I am working on cleaning data containing both Cantonese and emoji. In UTF-8 Format, some of them will be converted into Unicode that has to clean away. These Unicode look like:
攬炒巴我愛你<U+2764><U+FE0F><U+0001F618><U+0001F618><U+0001F618><U+0001F618>">
As you can see, these Unicode contain different length, which sabotage my traditional way of cleaning these Unicode:
basedf$post_cleaned = str_replace(basedf$post_cleaned,"smile_.*:","")
basedf$post_cleaned = str_replace(basedf$post_cleaned,"\\[quote\\].*\\[\\/quote\\]","")
basedf$post_cleaned = str_replace(basedf$post_cleaned,"\\[.+\\].*\\[\\/.+\\]","")
basedf$post_cleaned = gsub("[^[:alnum:][:blank:]?&/\\-]", "", basedf$post_cleaned)
basedf$post_cleaned = gsub("/", "", basedf$post_cleaned)
basedf$post_cleaned = gsub("\\\\", "", basedf$post_cleaned)
basedf$post_cleaned = gsub("U....", "", basedf$post_cleaned)
basedf$post_cleaned = gsub("[1234567890]", "", basedf$post_cleaned)
basedf$post_cleaned = gsub("[.]", "", basedf$post_cleaned)
basedf$post_cleaned = rm_url(basedf$post_cleaned)
basedf$post_cleaned = str_trim(basedf$post_cleaned)
As you can see, I cleaned Unicode at the line
basedf$post_cleaned = gsub("U....", "", basedf$post_cleaned)
after cleaning all the <>+.
However, it leaves two to four letters behind when it encounters an 8 digit or 10 digits Unicode, and it messed my data.

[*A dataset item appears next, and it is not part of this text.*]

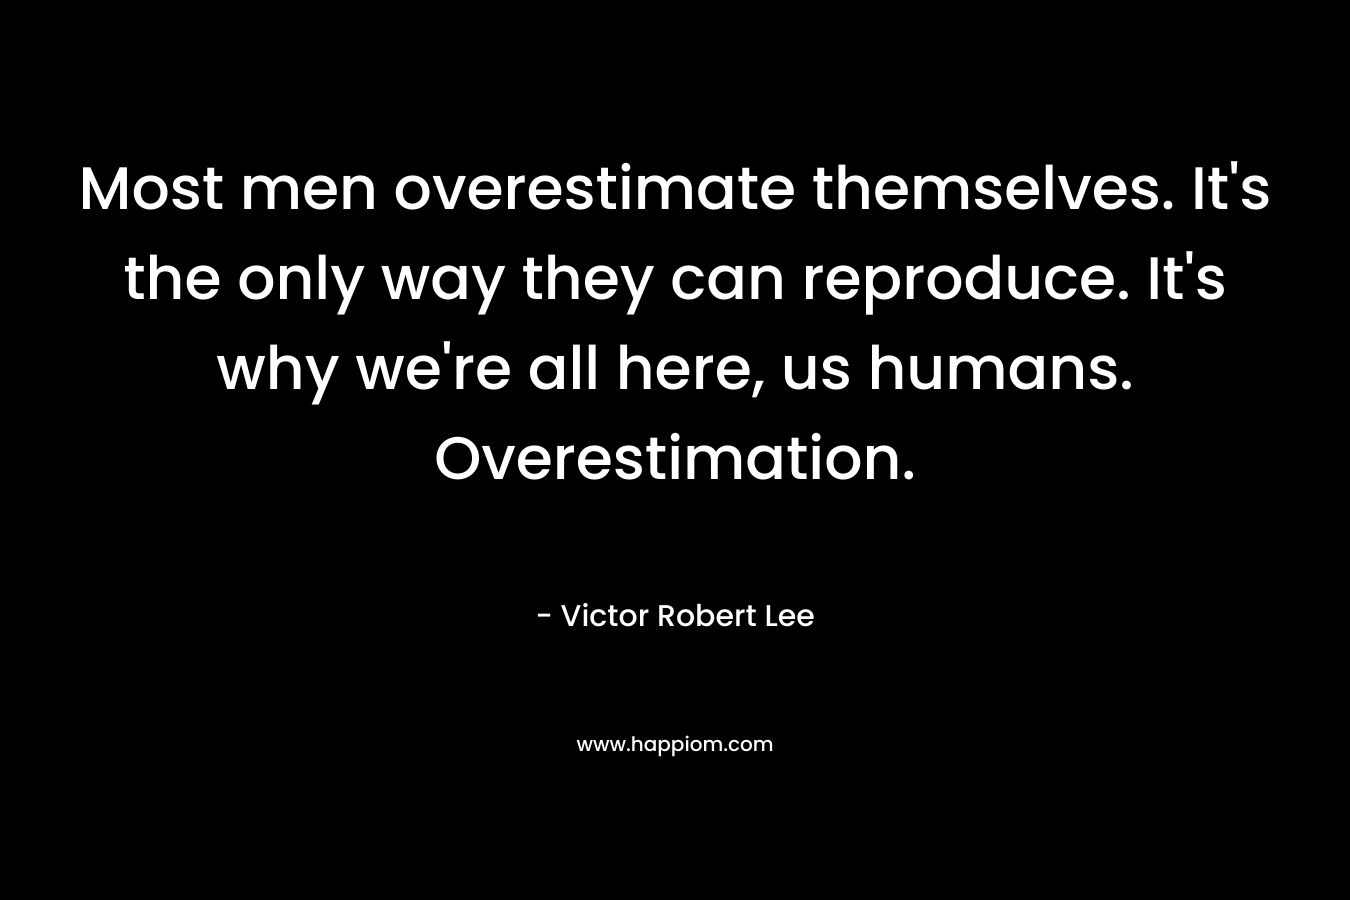 Most men overestimate themselves. It’s the only way they can reproduce. It’s why we’re all here, us humans. Overestimation. – Victor Robert Lee

For example, sometimes it left FB in Unicode like <U+0001F6B8>(I made it up as example), I will interpret FB as Facebook in my data.
Do you have any suggestions on cleaning Unicode with different lengths? This problem has bugged me for two days and heavily dragged by progress.
Sorry for my bad English and coding. I am a newbie in coding.
Thank you.